In the final analysis, there doesn't seem to be a lot that air cars can do that electric cars can't, and you can pretty easily charge an electric car anywhere that's got electricity. Air cars either need MDI's complex reversible compressor doodad, or a high pressure fill line; the dream of sneakily filling your car at the service station for free won't work too well, because free service station tyre-inflation compressors top out at about 150psi, and don't have much flow rate at that pressure, either. So you'd be standing there grinning cheesily at the gas station attendant for some time while you trickled enough air into your car to take you 20 miles down the road.
Air-only running costs for a machine with very good regenerative braking may indeed be very low, but it's not of course realistic to only look at what you're paying for "fuel", when other running costs for new and exciting vehicles are commonly much higher.

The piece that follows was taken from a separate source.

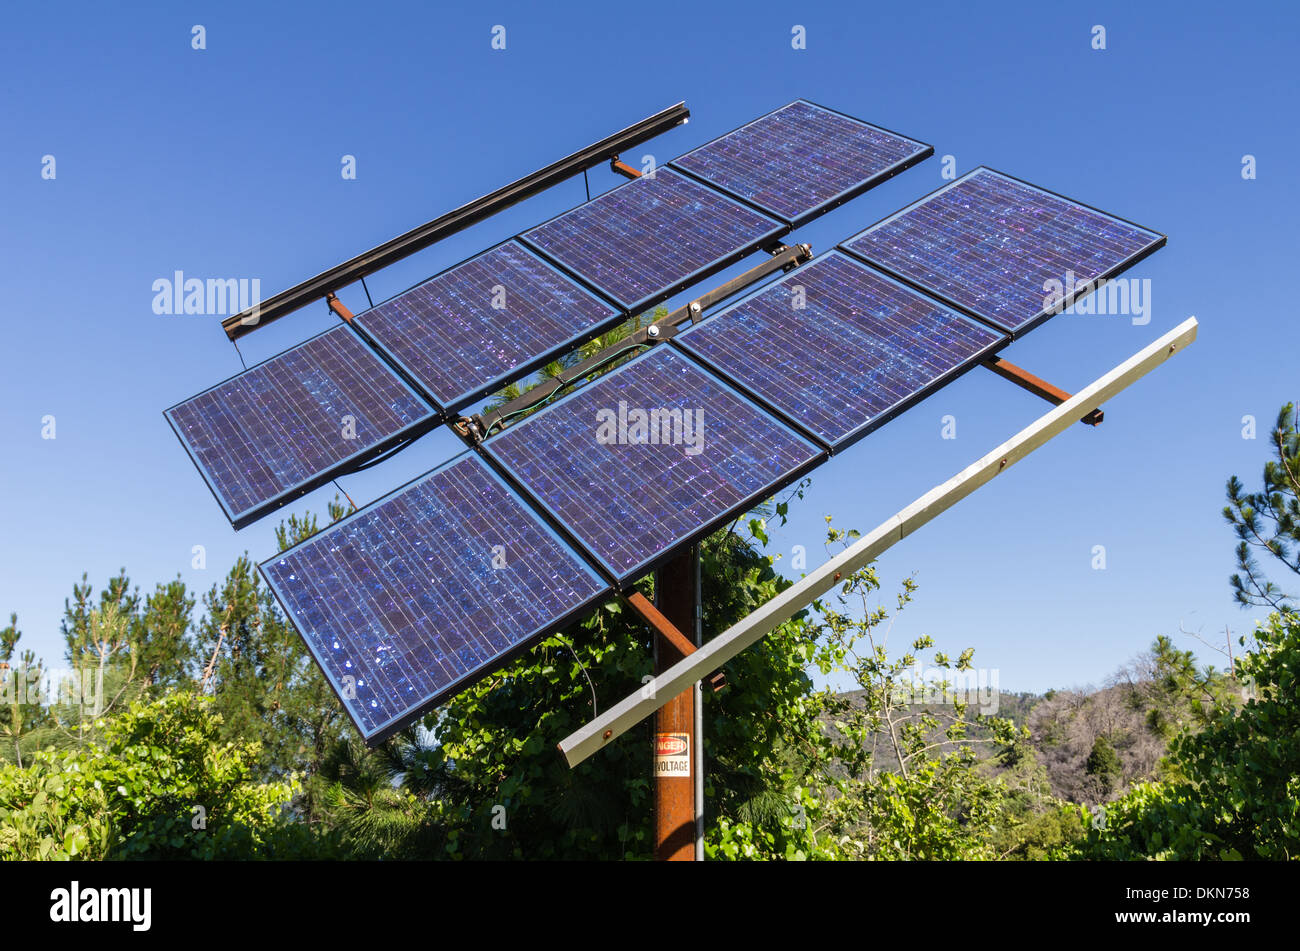 Un panneau solaire pour fournir de l'électricité dans une région éloignée Banque D'Images
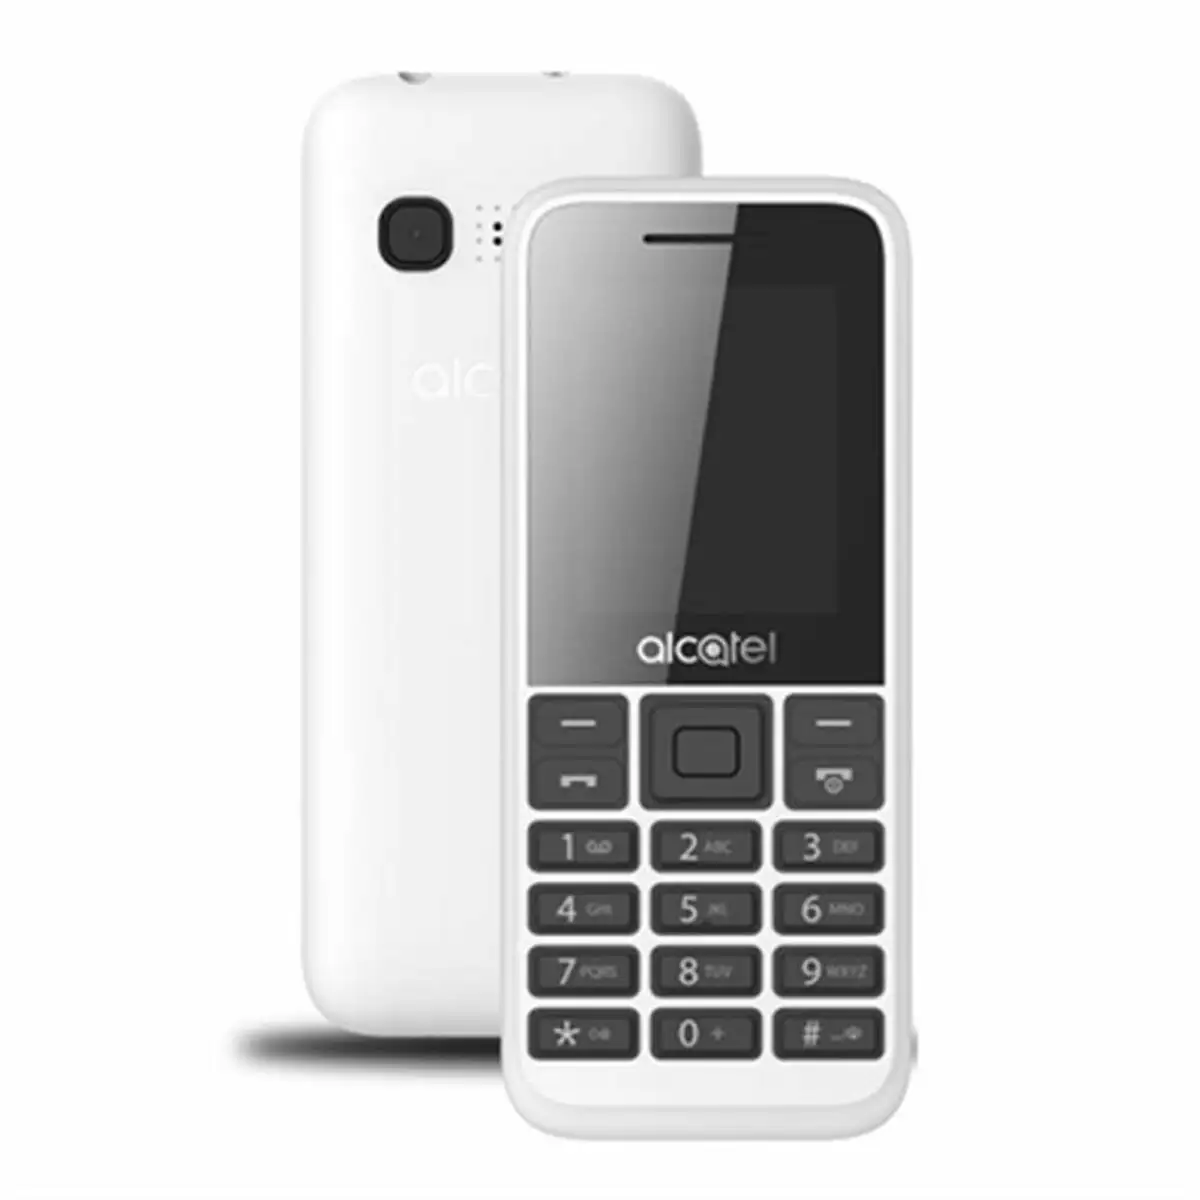 Telephone portable alcatel 1 8 blanc 8 gb ram 4 mb ram_6237. Bienvenue chez DIAYTAR SENEGAL - Où Chaque Détail Fait la Différence. Découvrez notre sélection méticuleuse et choisissez des articles qui répondent à vos exigences.

After this page went up, a reader pointed out that the MDI site's tests page took a test vehicle whose range was a not-very-useful 7.2 kilometres and, I'm trying not to say "inflated", the results to say their vehicles had a 242 kilometre range. They based this on claims that the vehicle they actually tested was not nearly as light and efficient and pumped full of air as the vehicle they, um, might build some day.
The tests page has unaccountably vanished from the MDI site now, but it's archived here.
Yes and no. Mainly no.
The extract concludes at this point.